FTSE 8% below September peak, but there are reasons to be positive

10th October 2014


Investor confidence is being battered at the FTSE 100 continues its downward trajectory, sitting 8% below its September peak.

The benchmark index has suffered four days of consecutive falls leaving it 8% below its September peak and down 3% since Monday – it is currently at 6,344 with five hours of trading left.

In the midst of the sell-off, which has been fuelled by fears of a another eurozone recession and erased recent gains made across global markets, Hargreaves Lansdown said investor confidence has plummeted to its lowest level for two years.

The stockbroker’s confidence index shows the last time investor sentiment was this low the FTSE 100 stood at 5,800 and 10-year gilts were at 1.7% (now at 2.2%) and the eurozone was on life support.

‘Negative sentiment is rife in the market right now, and indeed if you look around the globe there is no shortage of troubles to worry about,’ said Hargreaves Lansdown senior analyst Laith Khalaf.

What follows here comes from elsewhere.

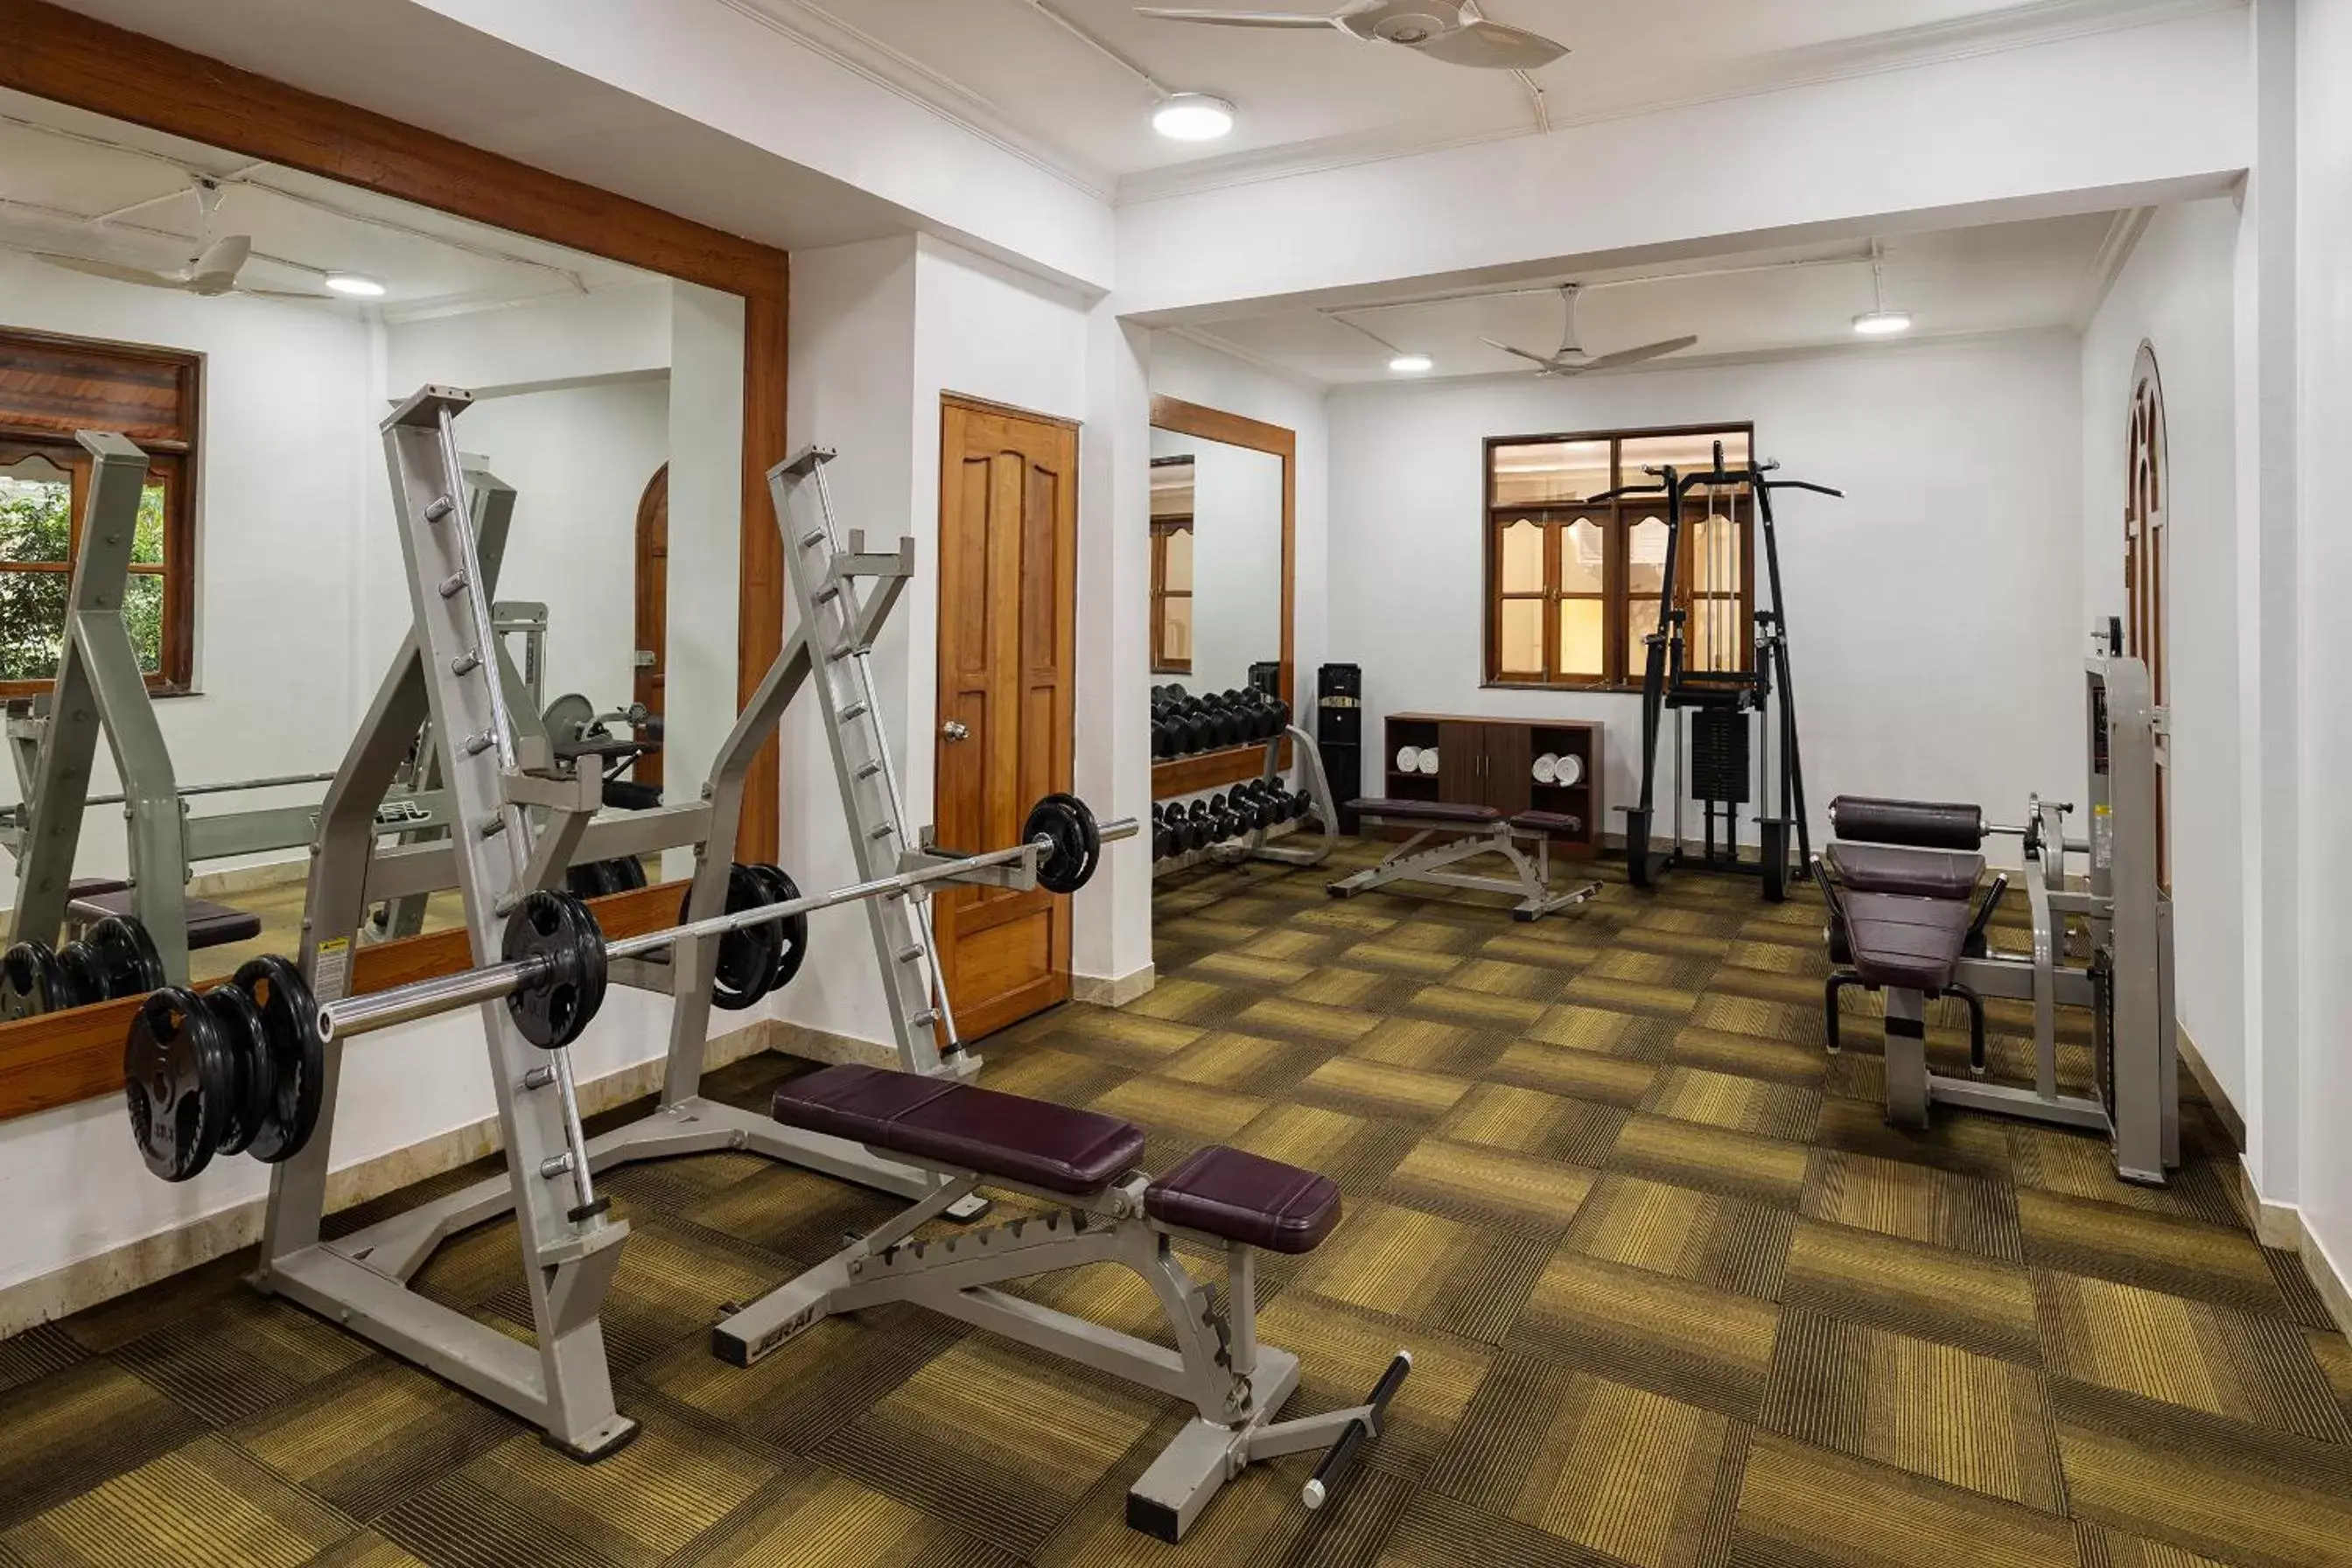 Fitness centre/facilities, Fitness Center/Facilities in Fortune Resort Benaulim, Goa - Member ITC's Hotel Group

‘The eurozone is flirting with deflation, and while recovery in the US is gathering pace, the Fed is turning off the quantitative easing taps, for now at least. Markets are likely to fret while they watch central banks pass the relay baton onto economic growth, in the hope they don’t drop it.’

He added that troubles in the Middle East and Ukraine, as well as the spread of the Ebola virus are also concerning investors.

However, Khalaf said investors should not be concerned by the stockmarket falls.

‘While the headlines tell a sorry story, there are reasons to be positive about the stockmarket,’ he said. ‘In particular stock prices look reasonable when company earnings are taken into account, and when compared to holding gilts or cash.’

Reasons to be hopeful:

Khalaf said there are five reasons to be positive about the stockmarket:

  1. The US is the world’s largest economy and growing more strongly than anticipated. This week the International Monetary Fund upgraded its growth forecasts from 1.7% to 2.2%.
  2. Oil prices are at their lowest levels since June 2012 after a fall of 20% which is an effective tax cut for consumers and manufacturing companies.
  3. Stocks don’t look expensive relative to earnings, with the possible exception of the US.
  4. The dividend yield of the UK market is still attractive when compared to cash and long-term bond yields. The UK stockmarket is yielding 3.4% compared to 2.2% from 10-year gilts.
  5. Companies are still hoarding cash. The FTSE 100 is sitting on net cash of £53.3 billion, up from £37.9 billion last year. This suggests that companies are wary of the economic climate but they also have cash to spend if they see investment opportunities or act as a ballast in the event of a downturn.

Khalaf said investors should not get hung up on short-term market fluctuations and focus on the longer term outcome.

‘Clearly investing in the stockmarket comes with risks to capital, and you could get back less than you invest,’ he said. ‘But holding cash also carries risk, in particular the threat that inflation eats into your buying power. This is a particularly acute problem at the present time as inflation is higher than bank base rate.

‘Investors who are concerned about market levels can drip feed their money into the market gradually via a regular savings plan, thereby buying in any dips and levelling out their purchase price.’